Pierre Keller ist begeistert

Eine Zielsetzung, die natürlich den lebhaften Präsidenten des Office des vins vaudois, Pierre Keller, begeistert mit der Überzeugung, dass die Fahne des Schweizer Weinbaus hoch über der internationalen Szene wehen sollte. „ Wenn wir dem Ausland ein klar lesbares Bild zeigen möchten, dürfen wir uns nicht verzetteln. In form des Chasselas verfügt die Schweiz über ein wirklich einzigartiges Produkt, was praktisch nur in unserem Land produziert wird. Wir sollten davon profitieren!"

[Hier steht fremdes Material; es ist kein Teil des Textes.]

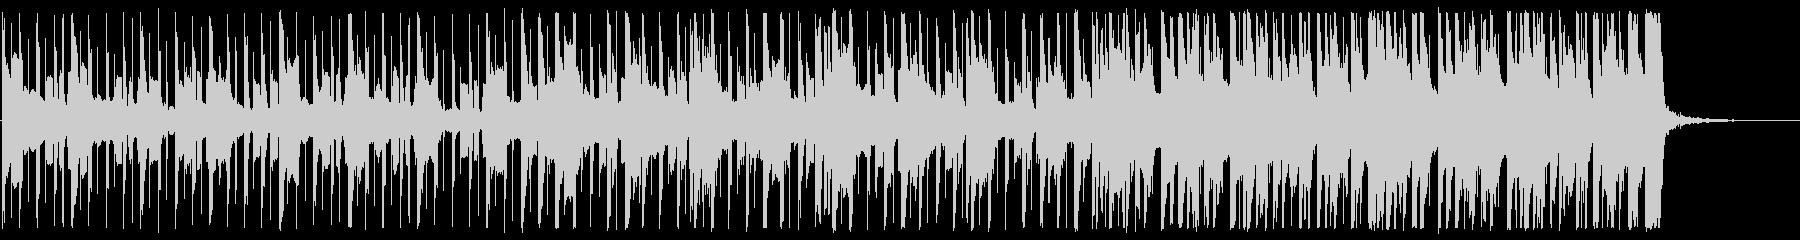 前向き/明るい/ハウス_No475_2の未再生の波形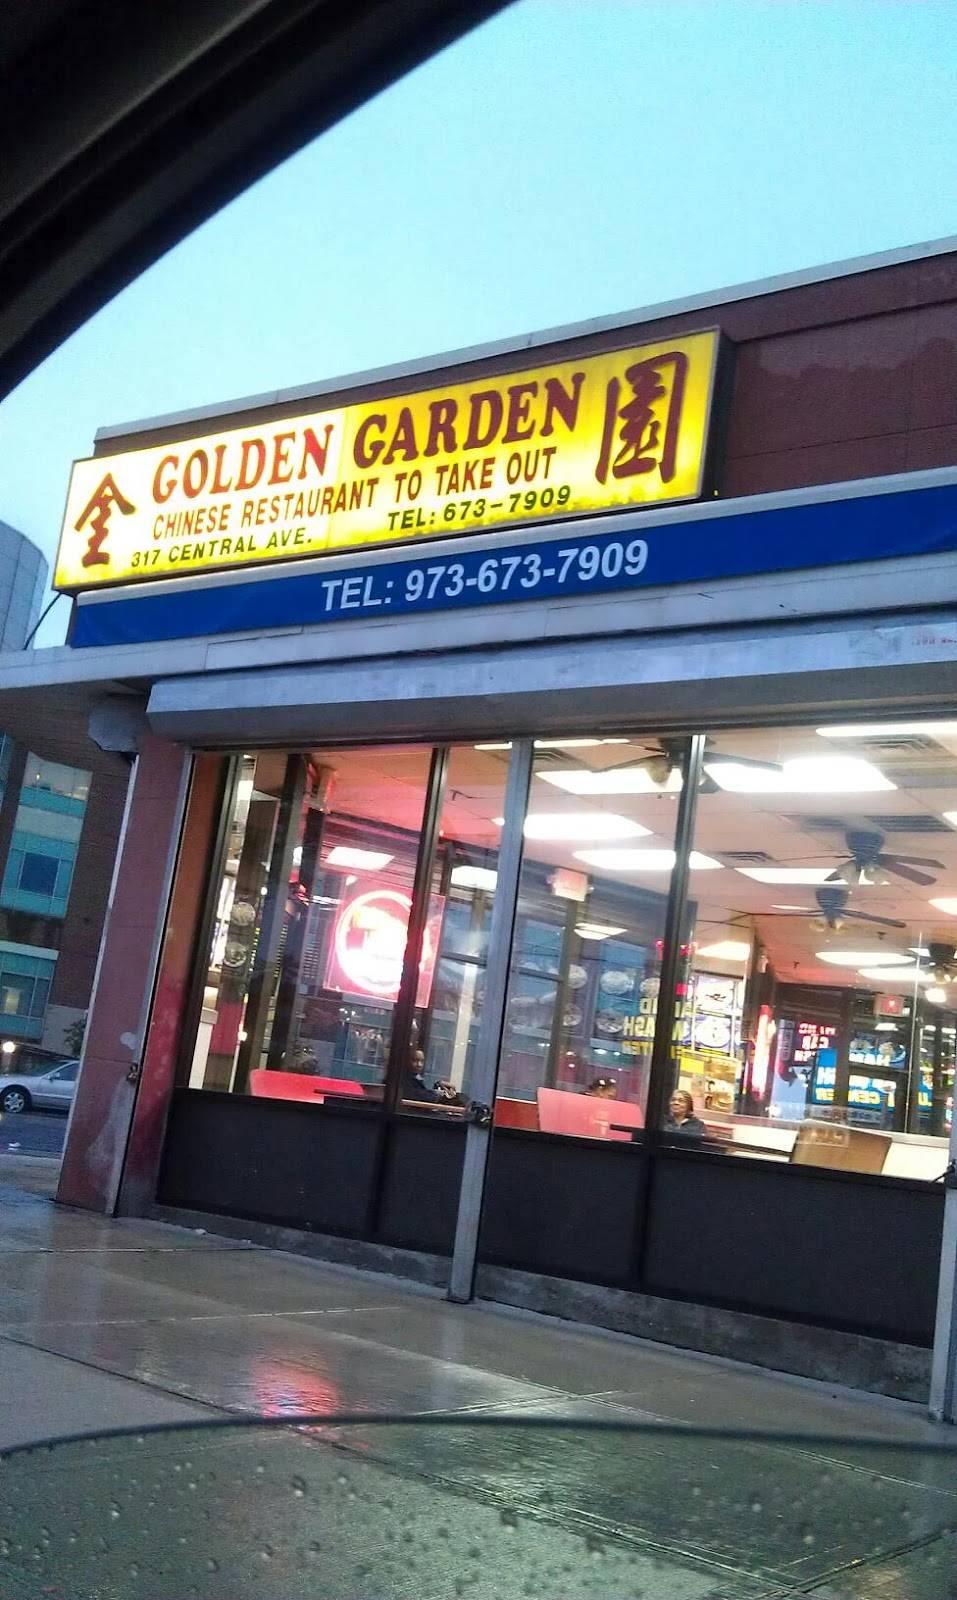 Golden Garden Restaurant 317 Central Ave East Orange Nj 07018 Usa

Nach ihrer Rückkehr aus Shanghai wird Chandra Kurt ihren Zürcher Wohnsitz aufsuchen und sicher eine Menge Ideen und neue Perspektiven mitbringen. Aber, wie nach jeder Reise, wird sie zuerst ein Flasche Chasselas entkorken. „ In einer sich ständig weiterentwickelnden und immer komplexeren Welt verkörpert der Chasselas für mich eine Art wesentliche Einfachheit."

 

Profil
  • 1968 / Geburt in Colombo in Sri Lanka.
  • 2005 / Verantwortliche für den helvetischen Teil des „Oxford Companion on Wine" von Jannis Robinson.
  • 2012 / Beginn eines dokumentarischen Projekts der Beschreibung von Schweizer Weinen in Zusammenarbeit mit der Fotografin Patricia von Ah.
  • 2014 / Erscheinen ihres Buches „Von Féchy bis Dézaley " bei Orell Füssli in Zürich.